Kenny J explained in McCormick how the reputation of a trade mark is established:5
In practice, it is commonplace to infer reputation from a high volume of sales, together with substantial advertising expenditures and other promotions, without any direct evidence of consumer appreciation of the mark, as opposed to the product: see, e.g., Isuzu-General Motors Australia Ltd v Jackeroo World Pty Ltd
4 [2000] FCA 1335; (2000) 51 IPR 102; [2000] AIPC 38-192 at [81].
5 Op cit at [81].
(1999) 47 IPR 198; Marks & Spencer plc v Effem Foods Pty Ltd (2000) AIPC 91- 560; Photo Disc Inc v Gibson (1998) 42 IPR 473; and RS Components Ltd v Holophane Corp (1999) 46 IPR 451. This Court has followed this approach as well, acknowledging that public awareness of and regard for a mark tends to correlate with appreciation of the products with which that mark is associated, as evidenced by sales volume, amongst other things. Thus, in Toddler Kindy Gymbaroo Pty Ltd v Gymboree Pty Ltd [2000] FCA 618 ("Gymboree"), Moore J accepted at [94] that the applicant had established a reputation for the purposes of s 60 solely on the basis of use and promotion of the relevant mark. Another example of this approach is Nettlefold Advertising Pty Ltd v Nettlefold Signs Pty Ltd (1997) 38 IPR 495 ("Nettlefold"), in which Heerey J relied upon the public visibility of the applicant's marks over approximately two decades as well as a
$100,000 promotional campaign in finding that a reputation for the purposes of s 28 of the 1955 Act existed.
The Opponent has filed no evidence of the reputation of the trade mark(s) upon which it relies. The ground under section 60 is not established.
Section 42
Statement of Grounds and Particulars
In its Statement of Grounds and Particulars the Opponent asserts:
Use and registration of the trade mark would be contrary to sections 18 and 29 of the Australian Consumer Law found at Schedule 2 of the Competition and Consumer Act 2010 (Cth) because IS DONGSEO CO., LTD's use and registration is likely to mislead or deceive consumers in Australia into thinking that the services provided by reference to the trade mark have the sponsorship or approval of USpa Corporation Pty Ltd and/or that IS DONGSEO CO., LTD has the sponsorship of, approval of or an affiliation with USpa Corporation Pty Ltd.
Consideration
Section 42 of the Act relevantly provides:
42 Trade mark scandalous or its use contrary to law
An application for the registration of a trade mark must be rejected if: […]

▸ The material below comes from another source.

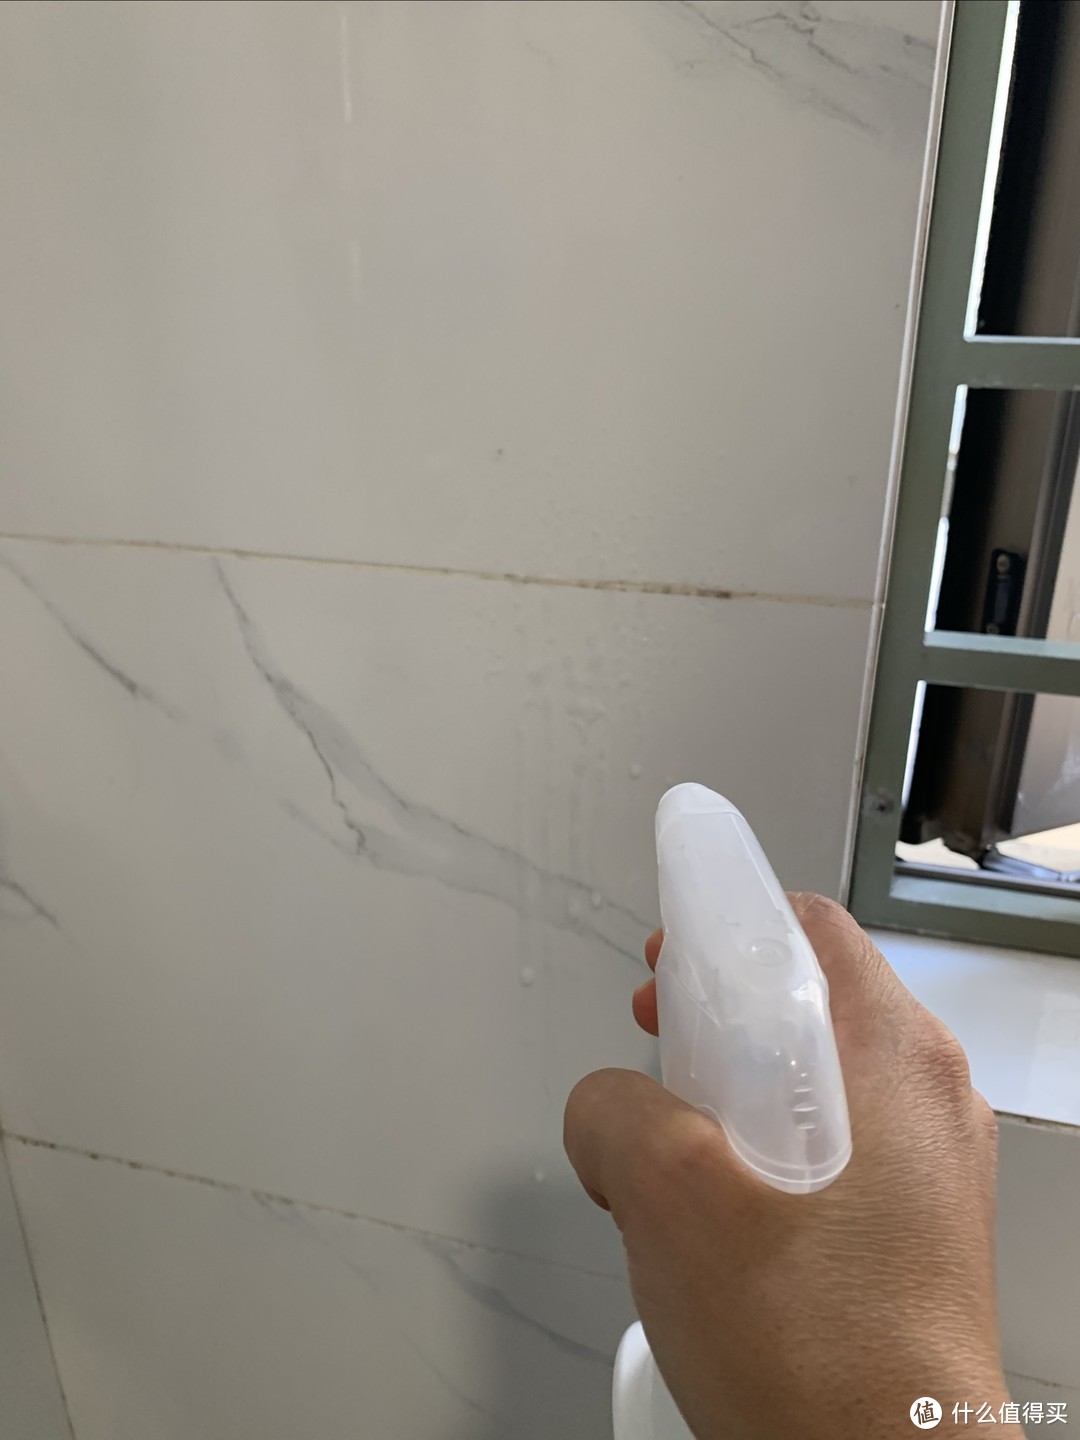 联合利华晶洁cif浴室清洁剂

(b) its use would be contrary to law.
The Opponent has not filed evidence of the reputation of its trade mark(s) which is a prerequisite to the foundation of this ground.
The Opponent has not established its ground under section 42 of the Act.
Decision
Section 55 of the Act relevantly provides:
55 Decision
(1) Unless subsection (3) applies to the proceedings, the Registrar must, at the end, decide:
(a) to refuse to register the trade mark; or
(b) to register the trade mark (with or without conditions or limitations) in respect of the goods and/or services then specified in the application;
having regard to the extent (if any) to which any ground on which the application was opposed has been established.

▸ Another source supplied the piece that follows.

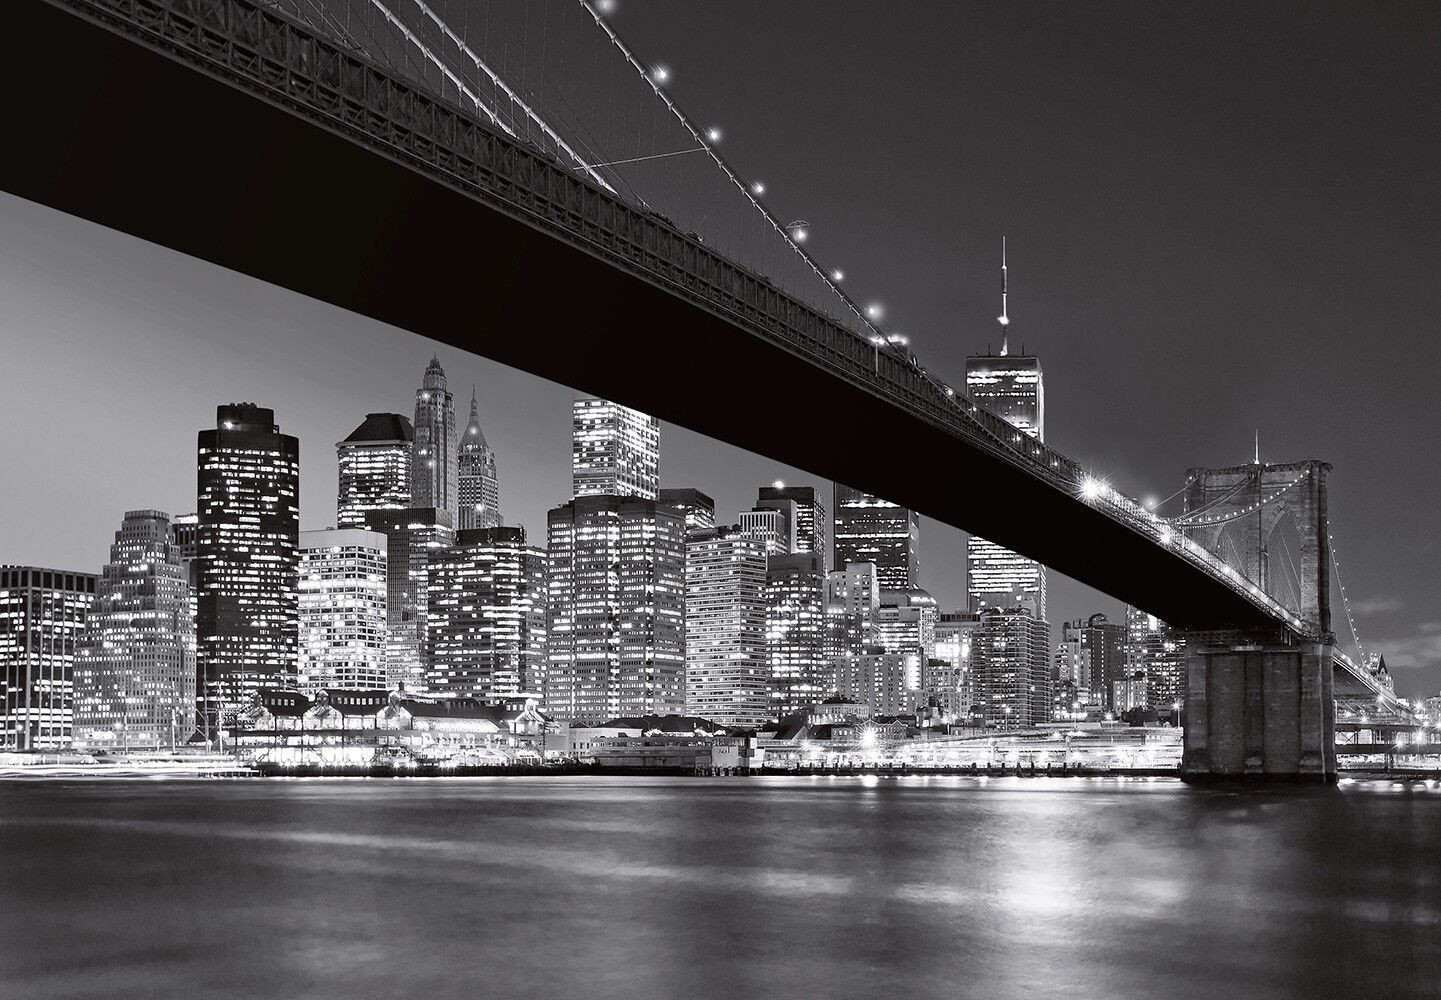 Картинка город черно белая. Бруклинский мост Нью-Йорк. Картина Нью-Йорк Бруклинский мост. Бруклинский мост Нью-Йорк фотообои. Нью-Йорк Сити Манхэттен черно белый.

Note: For limitations see section 6.
The opposition to registration has not been established.
The trade mark application may then proceed to registration one month from the date of this decision. If the Registrar has been served with a notice of appeal before that time, I direct that registration shall not occur until the appeal has been decided or discontinued and that the disposition of the application should be in accordance with the court’s order or direction.